# Is it true that $\mathbb P (\max(X,Y) \leq t \vert X \geq Y)= \mathbb P(X \leq t)$?

Sorry for the probably very easy question;

From a mathematical perspective I would have said yes, it holds because

$$\mathbb P (\max(X,Y) \leq t \vert X \geq Y)= \mathbb P(X \leq t \vert X \geq Y)$$

and now the condition about $$Y$$ becomes unimportant since it is not part of the probability anymore and can be omitted - however if I know that some random variable is bigger than another (or in a bigger example bigger than a bunch of random variables $$Y_1,...,Y_n$$), then the probability that $$X$$ is very big should also be higher or am I wrong?

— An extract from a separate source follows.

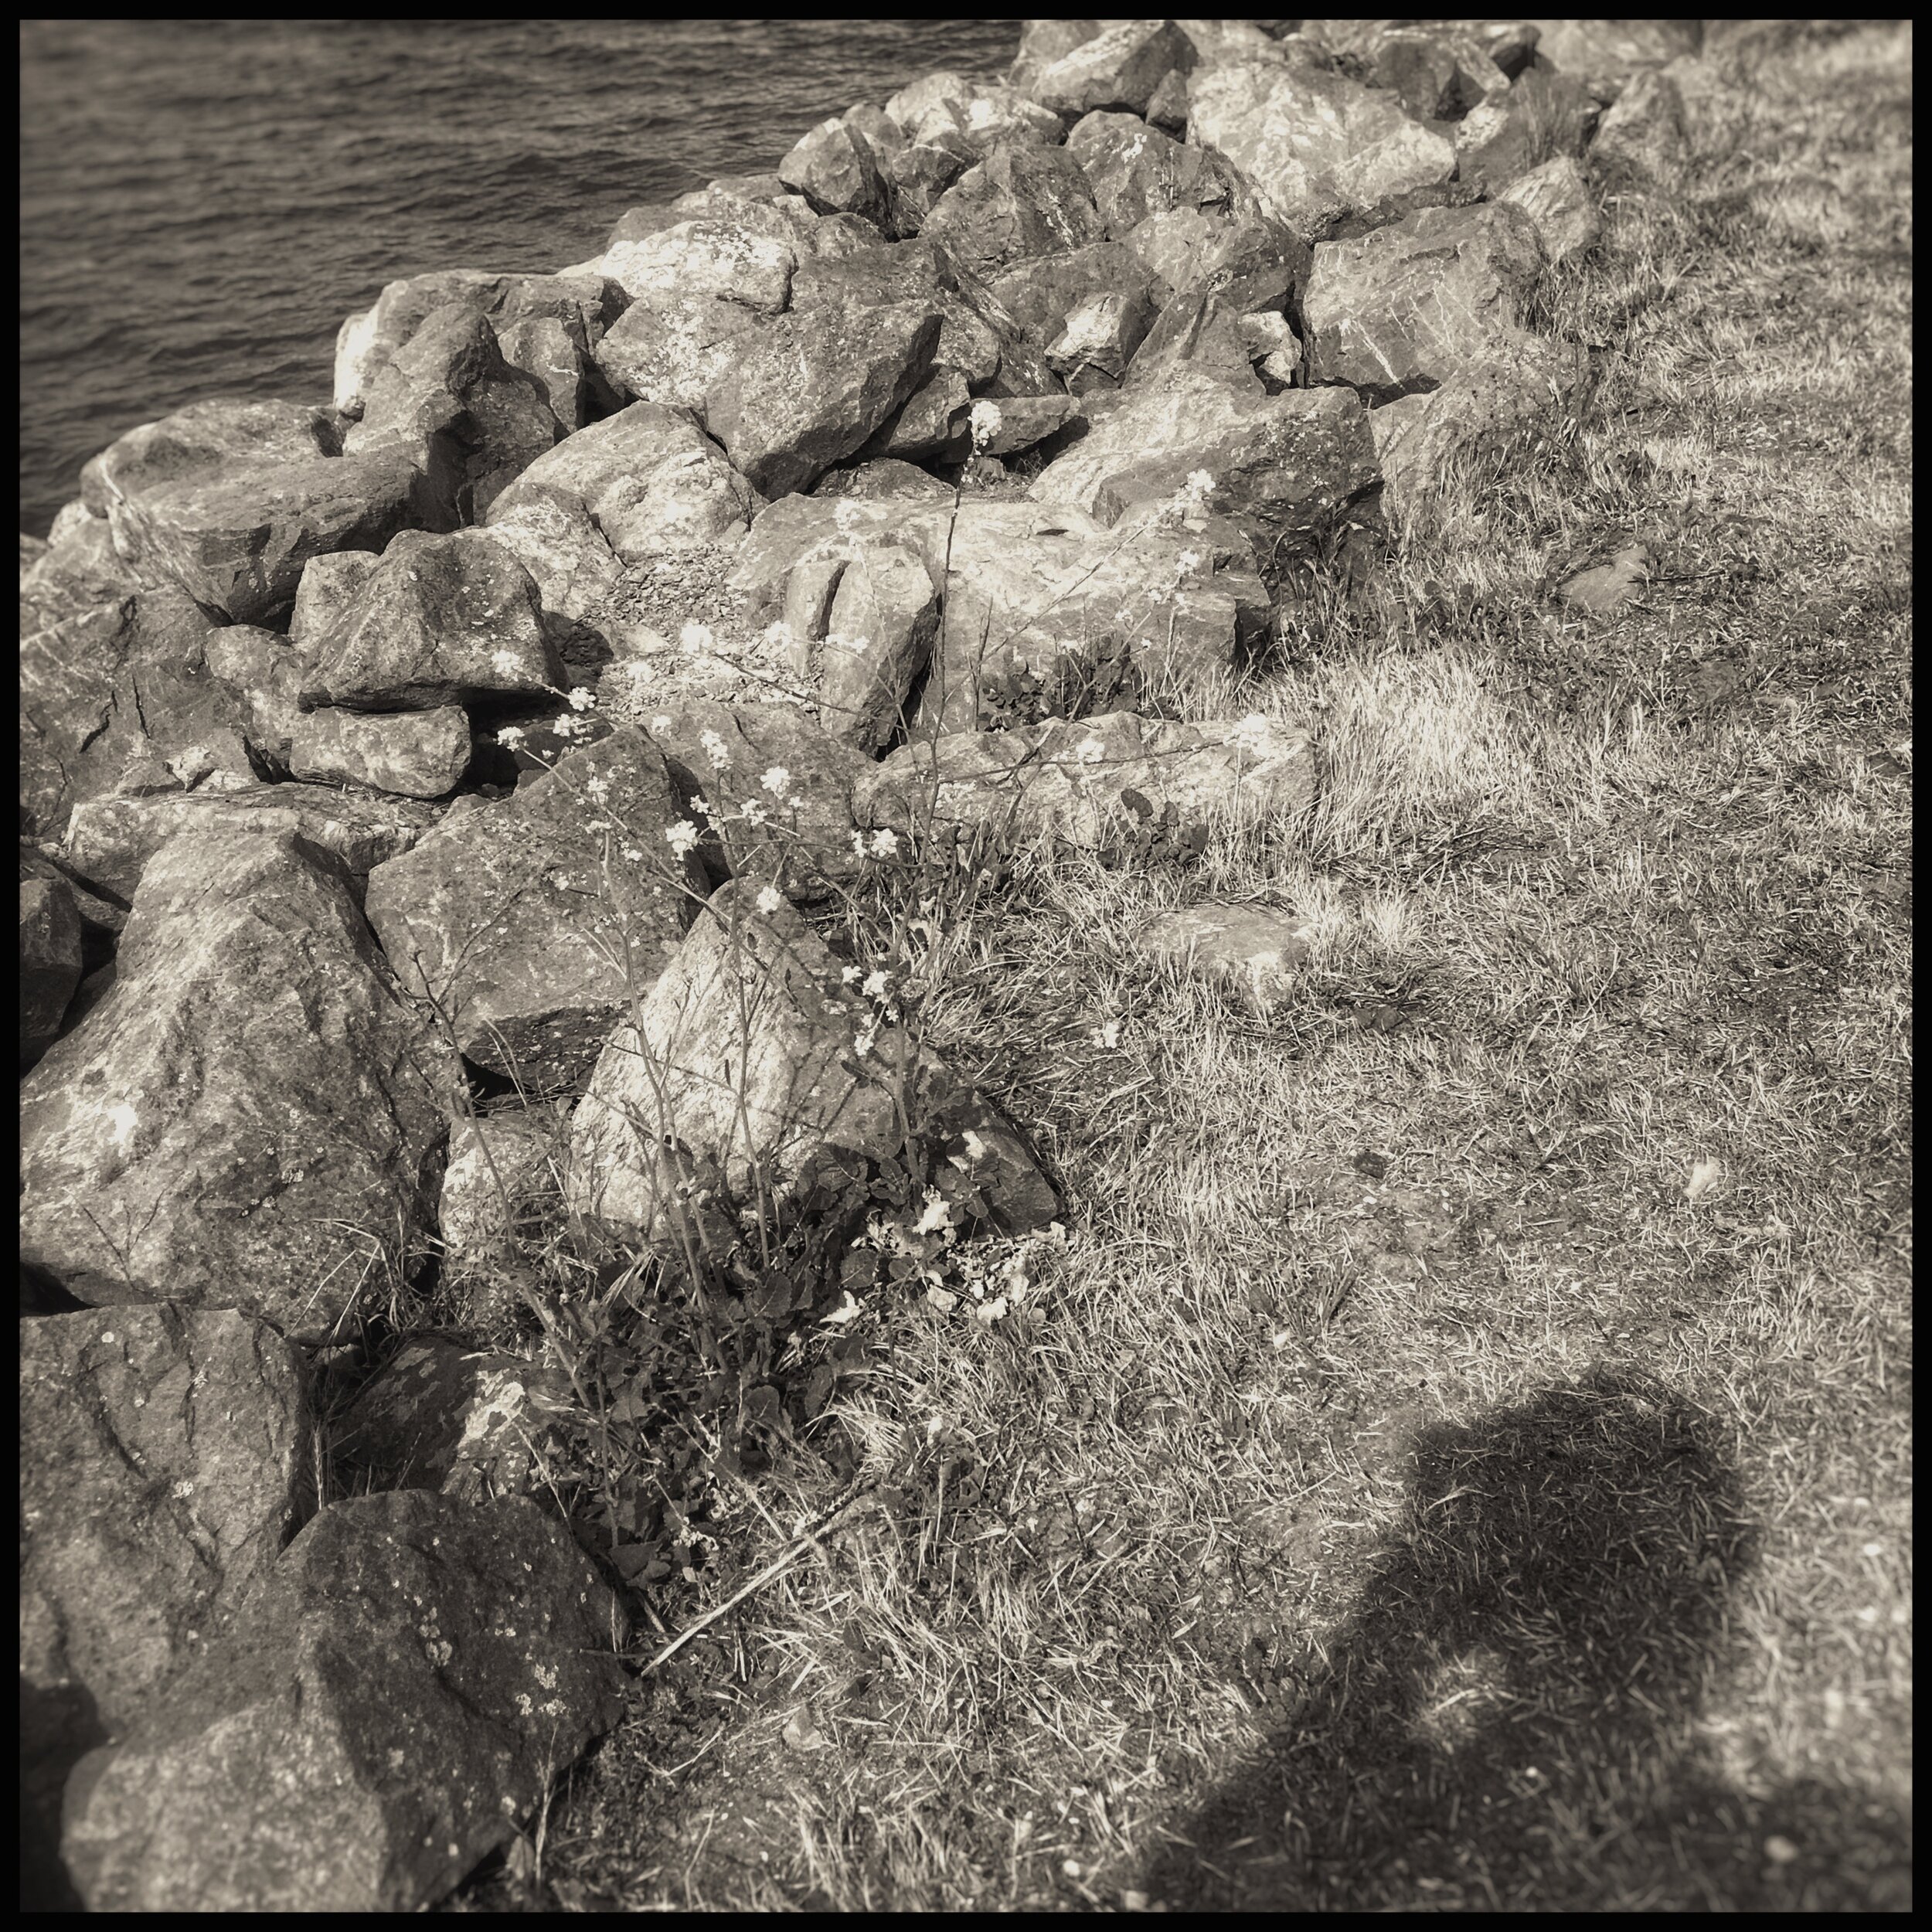 self shadow grasses gravel.JPEG

Counterexample. Even if we imagine that $$X$$ and $$Y$$ are independent, suppose that $$Y$$ always equals $$1$$, $$X$$ equals $$0$$, $$2$$, or $$4$$ with probability $$1/3$$ each, and $$t = 3$$. Then
$$P(\max(X, Y) \leq t \mid X \geq Y) = \frac{P(\max(X, Y) \leq t, X \geq Y)}{P(X \geq Y)} = \frac{1/3}{2/3} = \frac12$$
$$P(X \leq t) = \frac23$$